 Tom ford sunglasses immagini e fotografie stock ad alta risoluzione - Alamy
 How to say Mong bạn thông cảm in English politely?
---
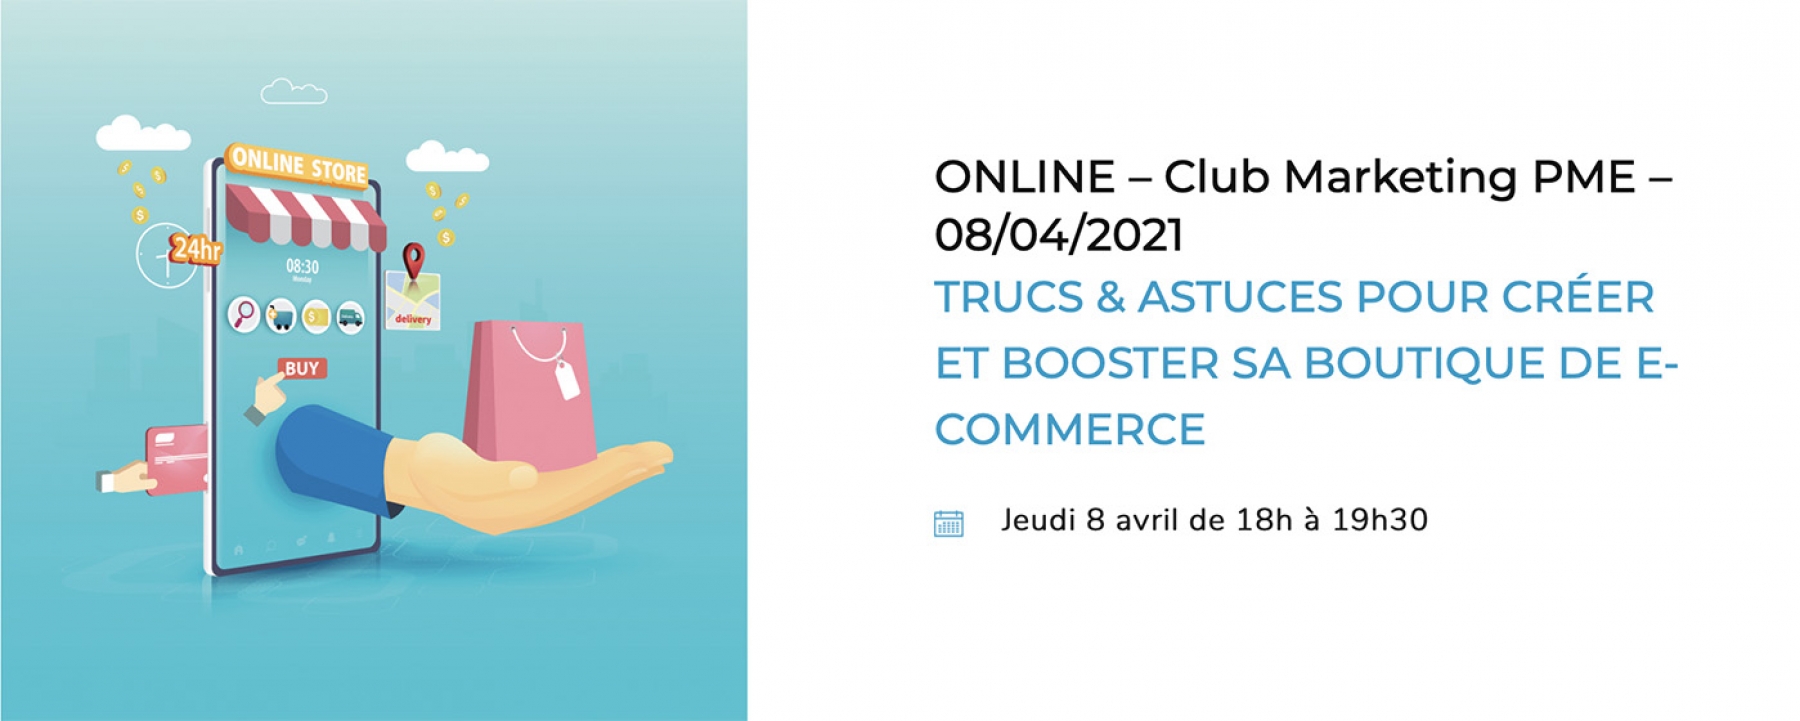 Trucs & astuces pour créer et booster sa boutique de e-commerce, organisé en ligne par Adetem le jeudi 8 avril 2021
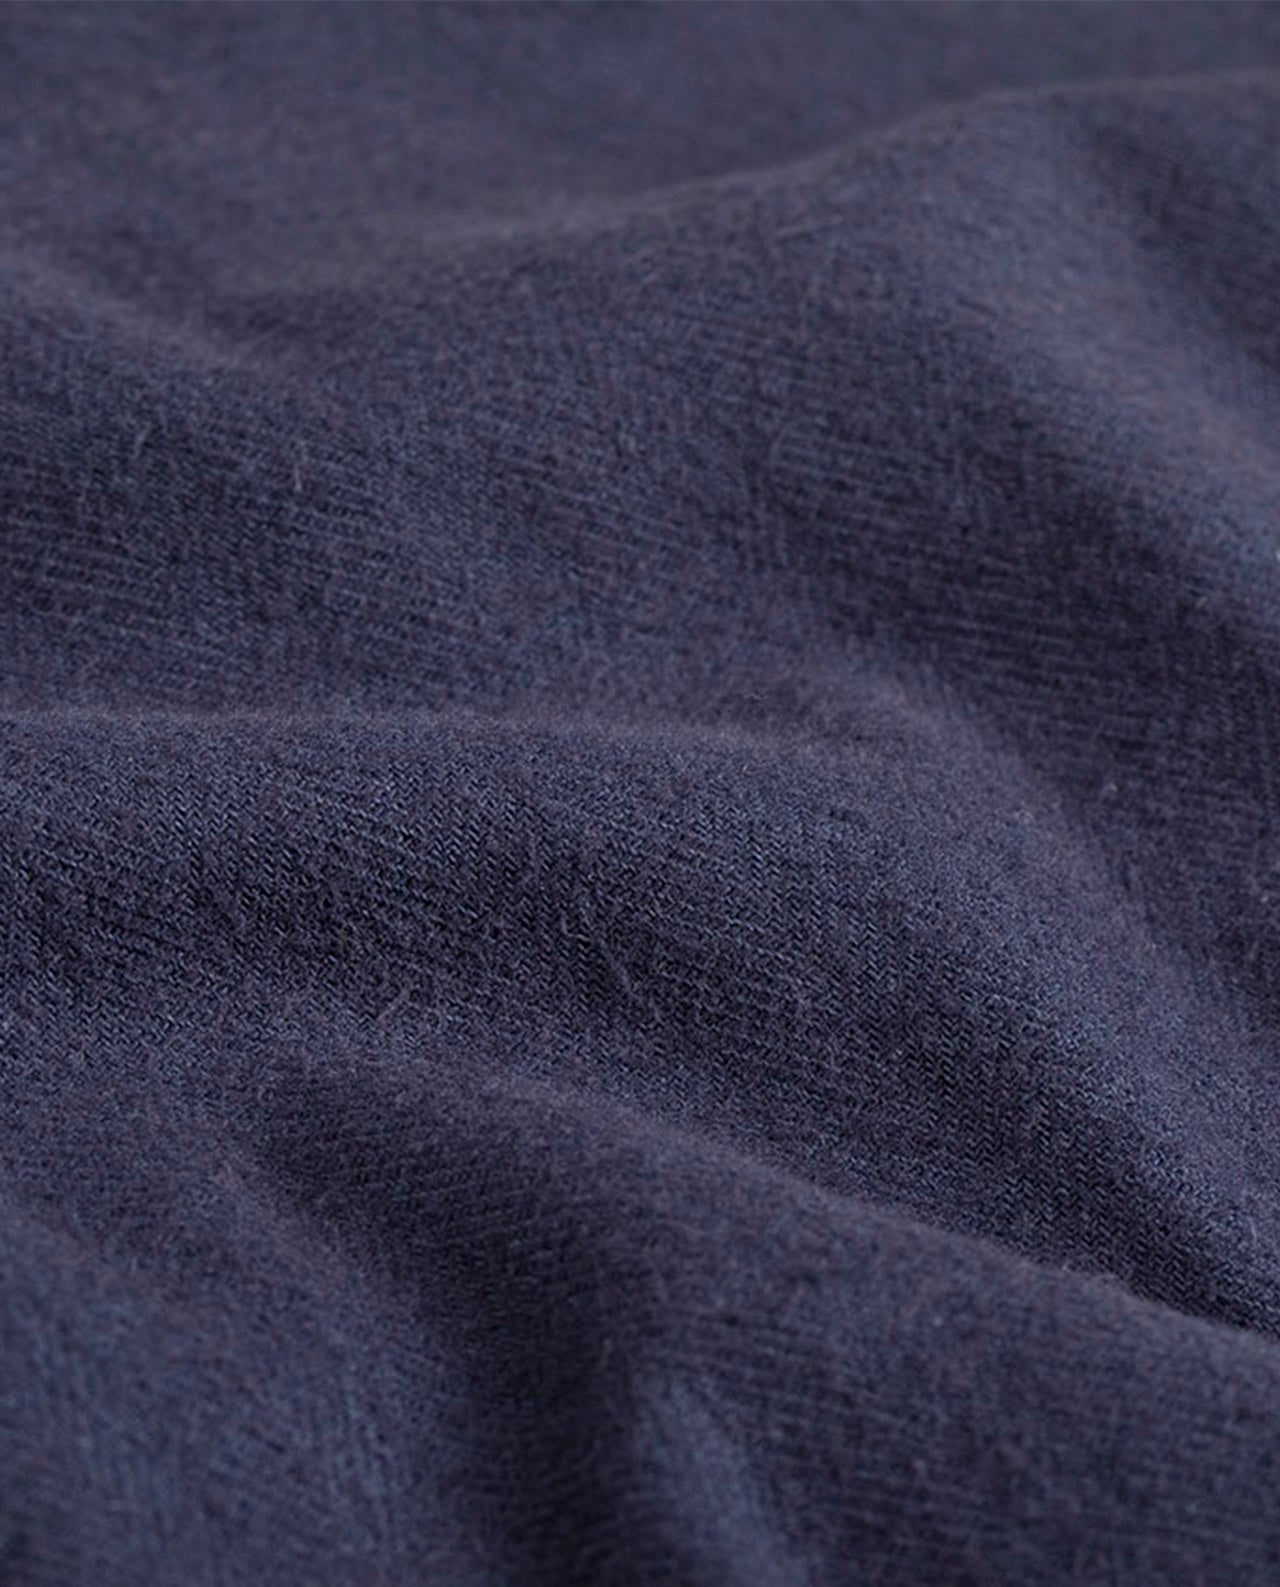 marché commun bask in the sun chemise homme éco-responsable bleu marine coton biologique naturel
--
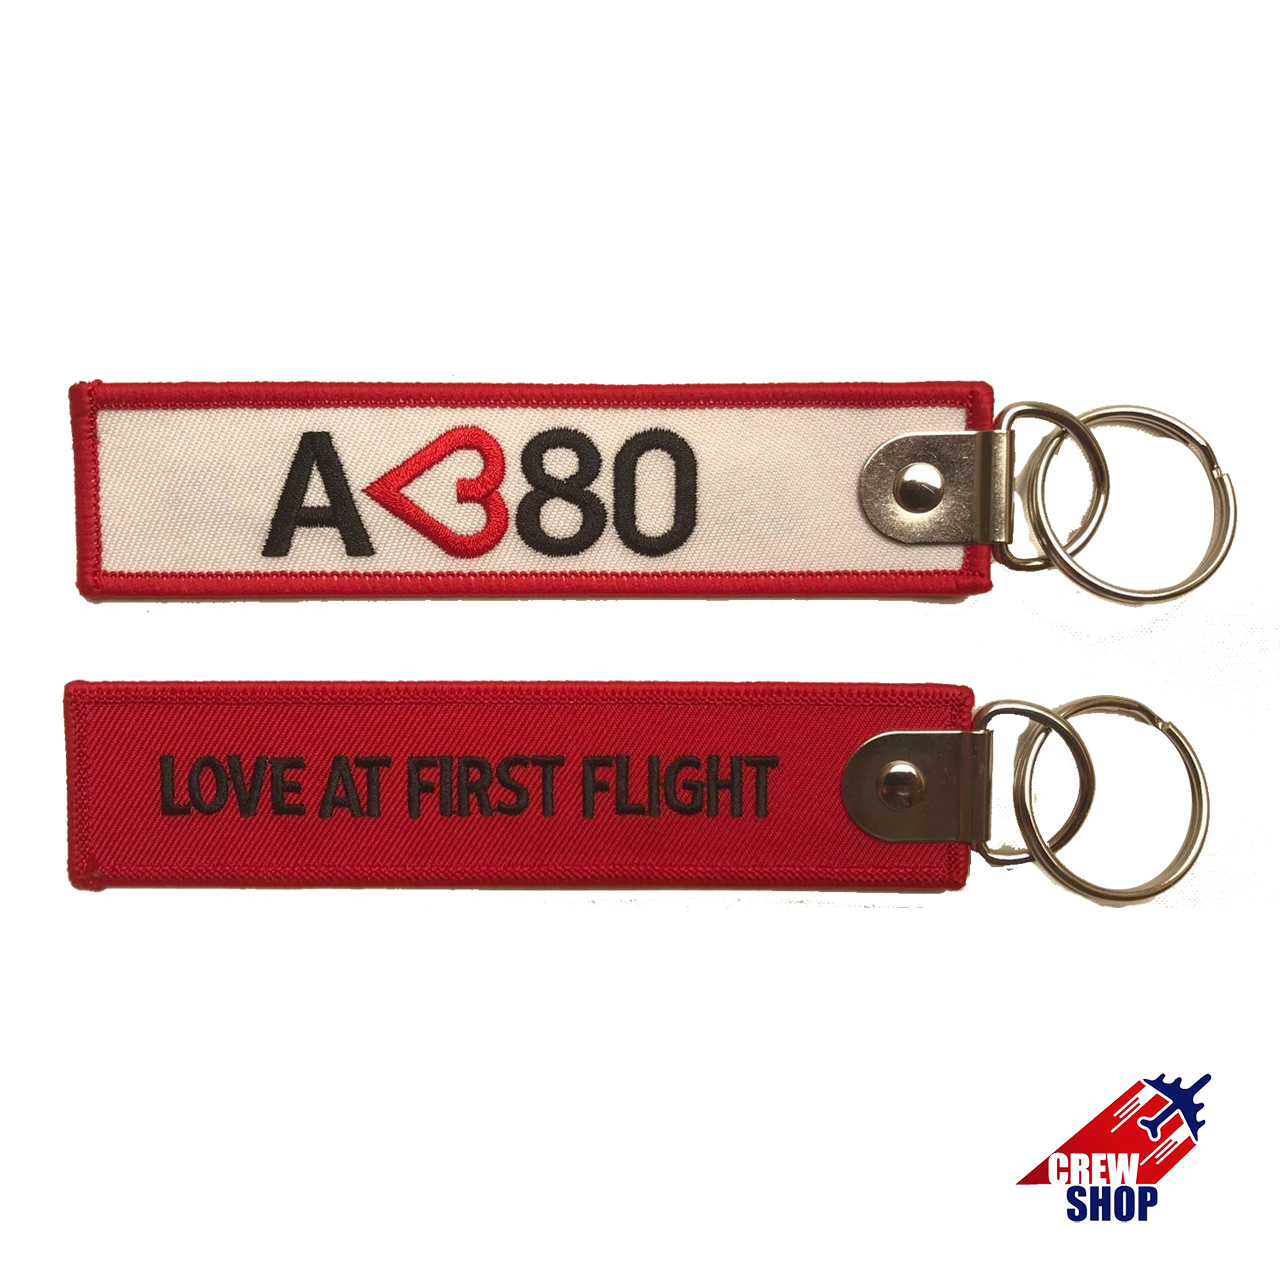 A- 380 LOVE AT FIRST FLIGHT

Task goal — Once the line with "Tom ford sunglasses" is found in the records above, print exactly that line and every line after it through the line with "How to say Mong".

Reply to the exercise —
 Tom ford sunglasses immagini e fotografie stock ad alta risoluzione - Alamy
 How to say Mong bạn thông cảm in English politely?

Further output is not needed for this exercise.